Now, we have to be careful, though. We have to think of ourselves as the body of Christ, and that supersedes every other affinity group we have. My ultimate ethnicity, if you want to call it this, is that of being in Christ. My blackness, as wonderful as it is and everything, my ultimate identity is my identity in Christ. My Black identity, like I said, it’s a wonderful thing. I’m very proud of it. But it can only have fulfillment as a secondary identity at best, because blackness cannot bear the full freight of my humanity. There’s a whole lot more to me than my blackness. But being in Christ, he’s the perfect human being, and if my identity is in him, that identity carries the full weight of my humanity. It’s the fulfillment of what my humanity is all about. It’s bigger than me.
That’s one of the problems today: we get into these limited identities. We try to make them absolute, and then we build politics around it. We get identity politics. I understand what identity politics is all about, but it’s inadequate if we’re going to make any progress and bring glory to God. We have to be very careful about that.
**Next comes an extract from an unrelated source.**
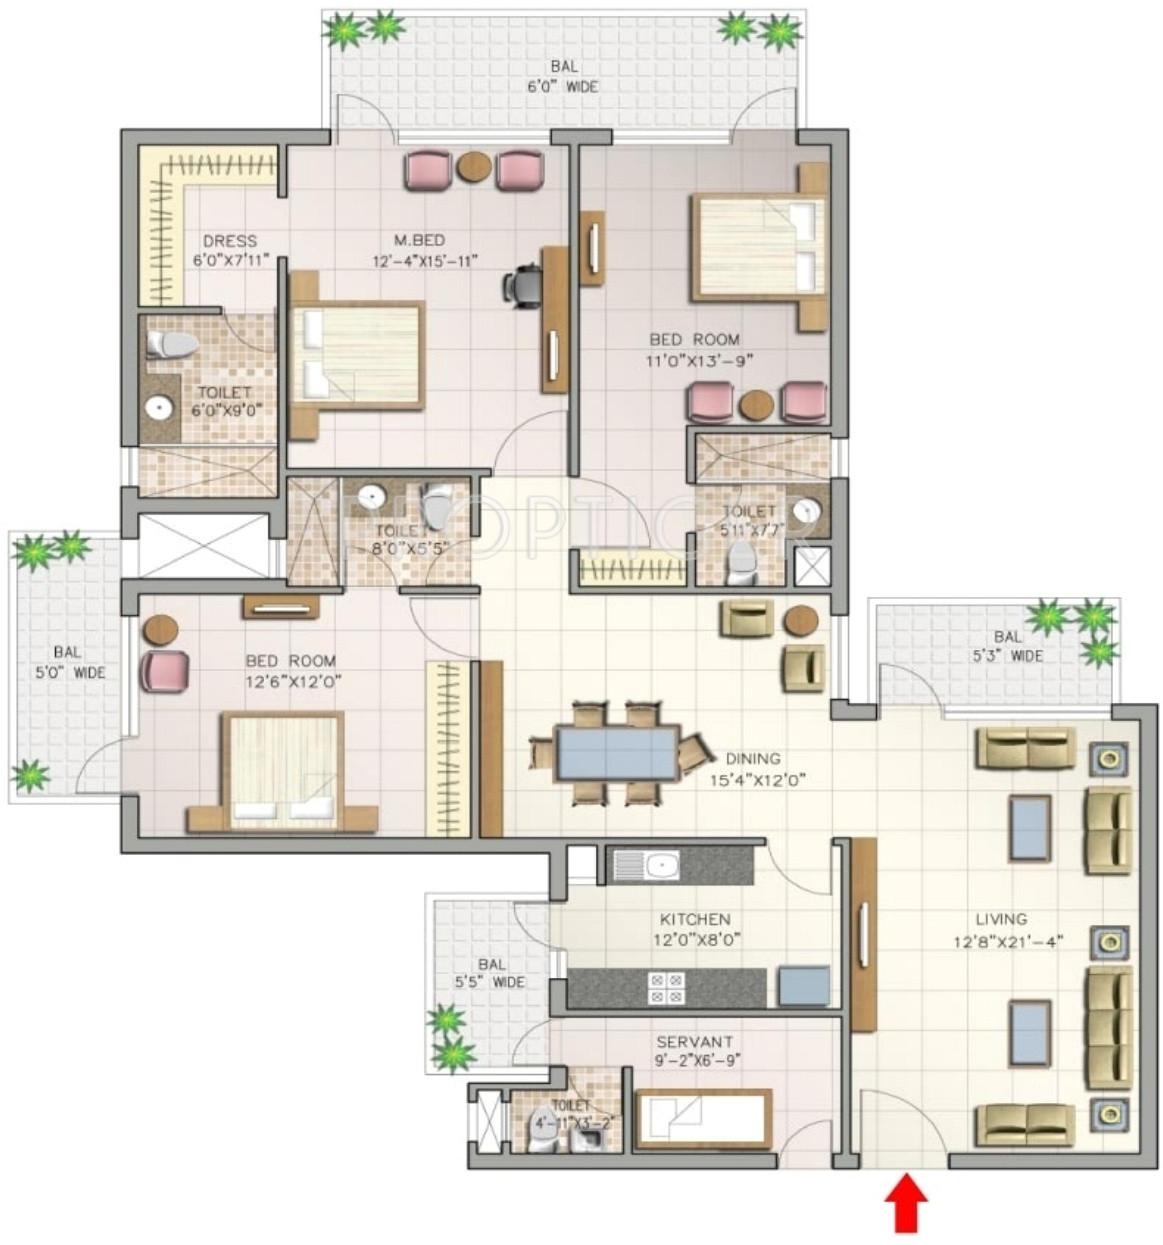 3bhk 4t 2300 sqft apartment

Now, there’s a lot of times that people in the dominant group will say, “OK, yes, we need to be the body of Christ, as long as you follow the dictates of the dominant culture.” Well, no, no, no, no, no. That’s not the point. I’m not going to conform to a particular culture. I’m going to conform the truth of the Word of God, whether it agrees or disagrees. There are things that some of my Black brothers or sisters or some of my fellow African Americans are into that I’m not into because it disagrees with Scripture. There are some things that I’m into because it agrees with Scripture. It’s the same thing. If it agrees with Scripture, I’m with it. If it disagrees, then I’m not. So that’s my ultimate reference point.
Holmes: Dr. Ellis, thank you so much for joining us today. I always enjoy talking to you and always enjoy learning from you.